La inyección única reduce a la mitad el riesgo de hospitalización por COVID en un ensayo a gran escala

La inyección única reduce a la mitad el riesgo de hospitalización por COVID en un ensayo a gran escala

Una única inyección de un fármaco experimental redujo a la mitad el riesgo de hospitalización de los pacientes con COVID-19 en comparación con un placebo, según muestra un ensayo en fase avanzada. Sin embargo, el fabricante del fármaco ha declarado a Live Science que es posible que el tratamiento aún se encuentre en la fase inicial de su proceso de aprobación en Estados Unidos.

Los participantes en el ensayo recibieron una inyección del fármaco, denominado interferón lambda pegilado (PEG-lambda), en la semana siguiente a la aparición de los síntomas de COVID-19. Los que recibieron el PEG-lambda en los tres primeros días de la enfermedad fueron los más beneficiados.
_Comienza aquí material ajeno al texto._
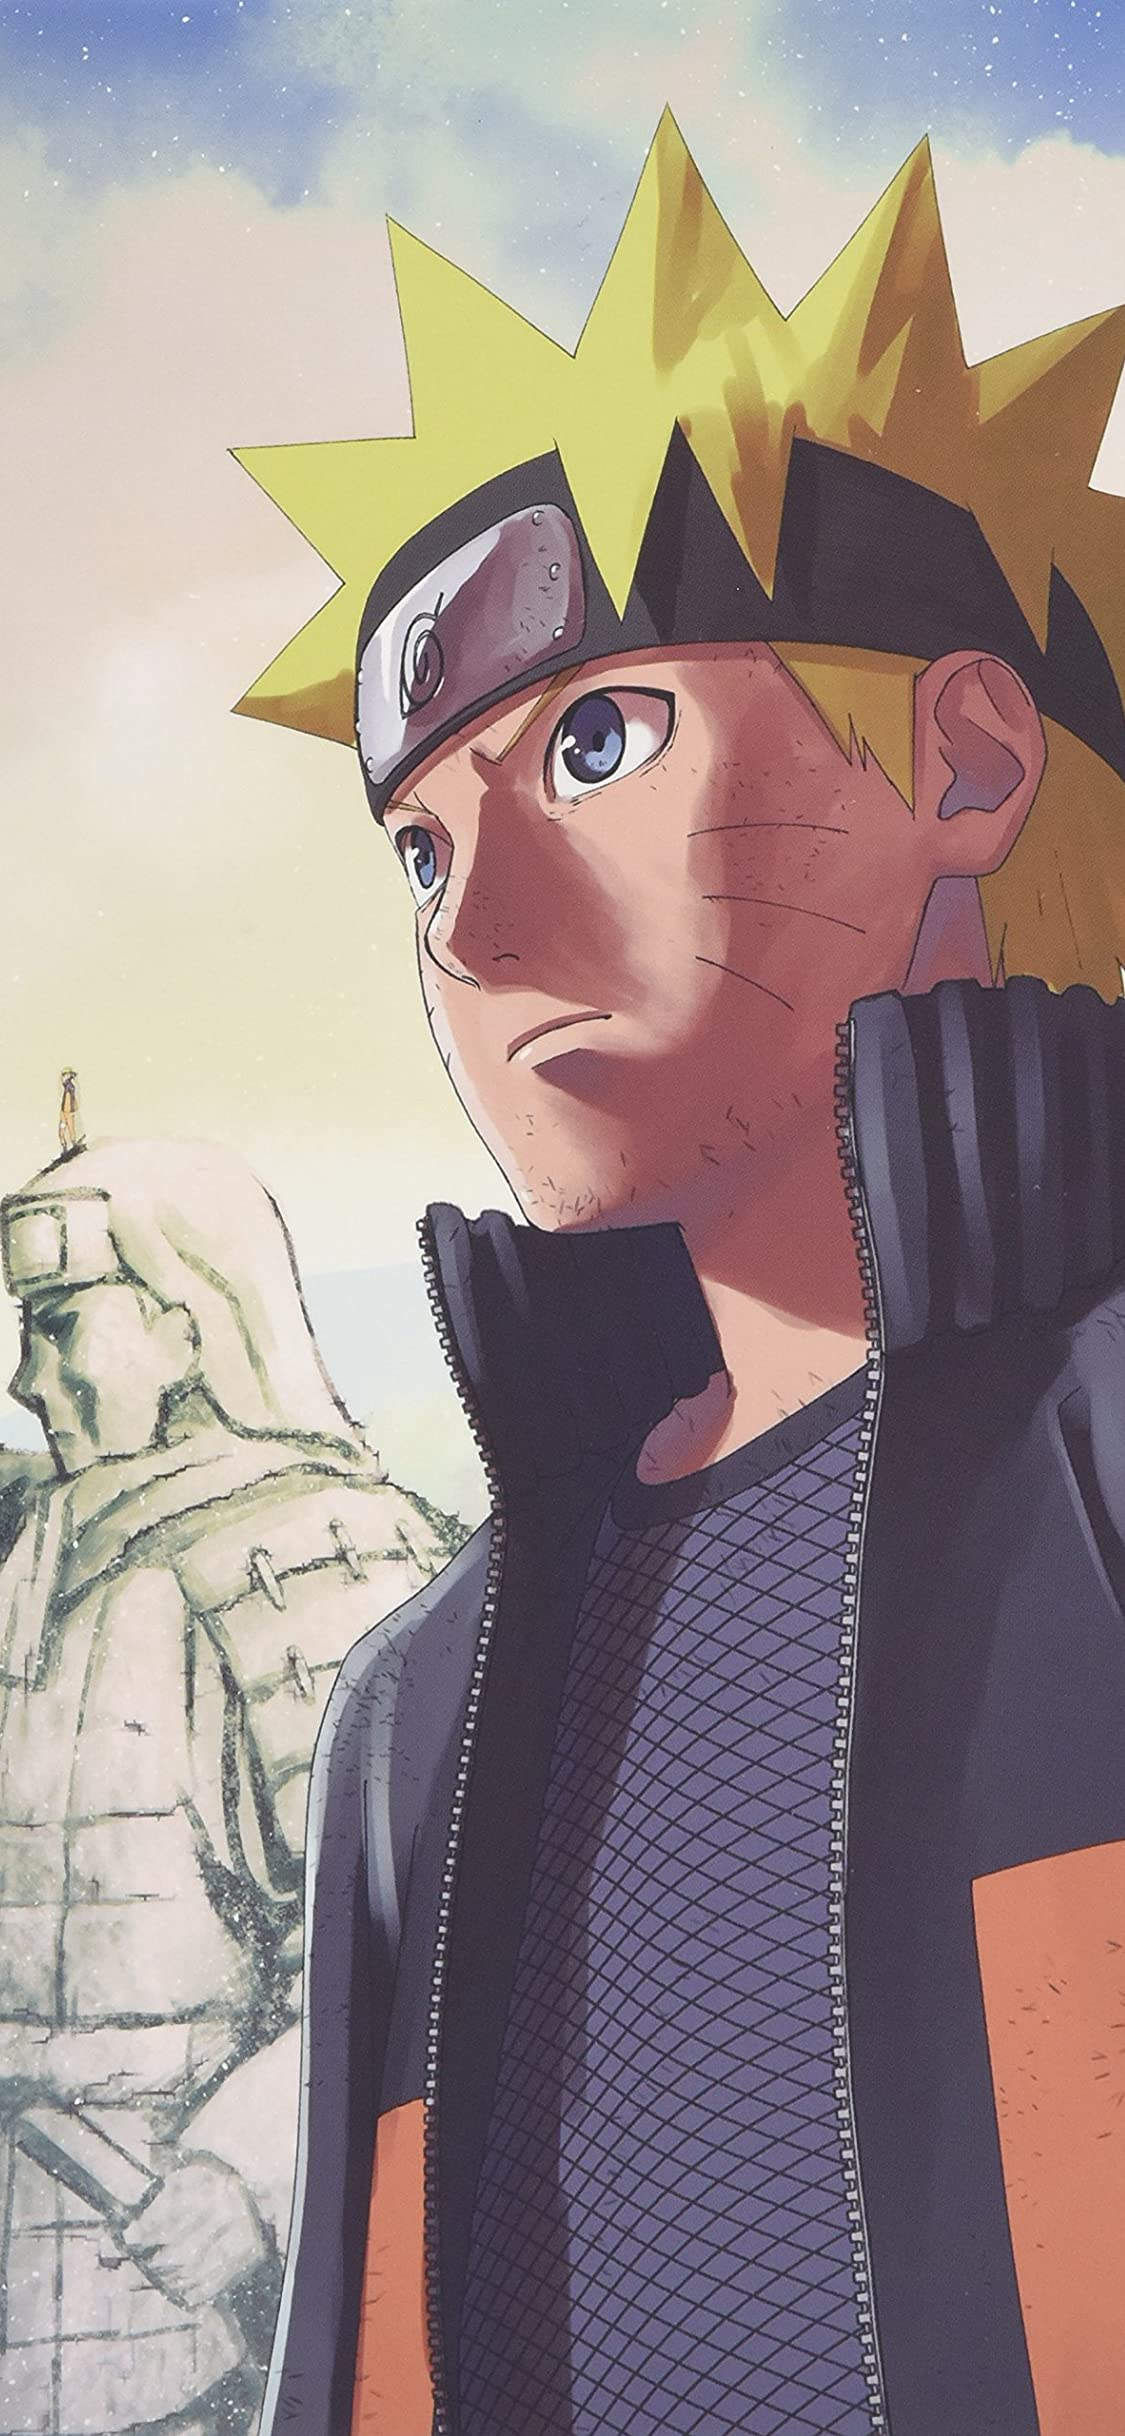 Naruto ナルト うずまきナルト Iphone X 壁紙 1125x2436 画像 スマポ

Los que recibieron PEG-lambda pronto, en los tres primeros días de aparición de los síntomas, fueron los más beneficiados: en general, estas personas tuvieron un 65% menos de probabilidades de ser hospitalizadas en el mes siguiente. Entre el subgrupo de estas personas que no estaban vacunadas, el riesgo de hospitalización se redujo en un 89%, en comparación con el placebo.

El antivírico de Pfizer Paxlovid (nombre genérico: nirmatrelvir) también reduce en un 89% el riesgo de hospitalización de las personas no vacunadas, según un ensayo en fase avanzada (se abre en una nueva pestaña) que ayudó al fármaco a obtener la autorización de uso urgente (EUA) de la Food and Drug Administration (FDA). Sin embargo, una diferencia importante entre PEG-lambda y Paxlovid es que, mientras que el primero es una inyección de un solo uso, el segundo requiere que los usuarios tomen tres comprimidos dos veces al día durante cinco días, lo que suma un total de 30 comprimidos.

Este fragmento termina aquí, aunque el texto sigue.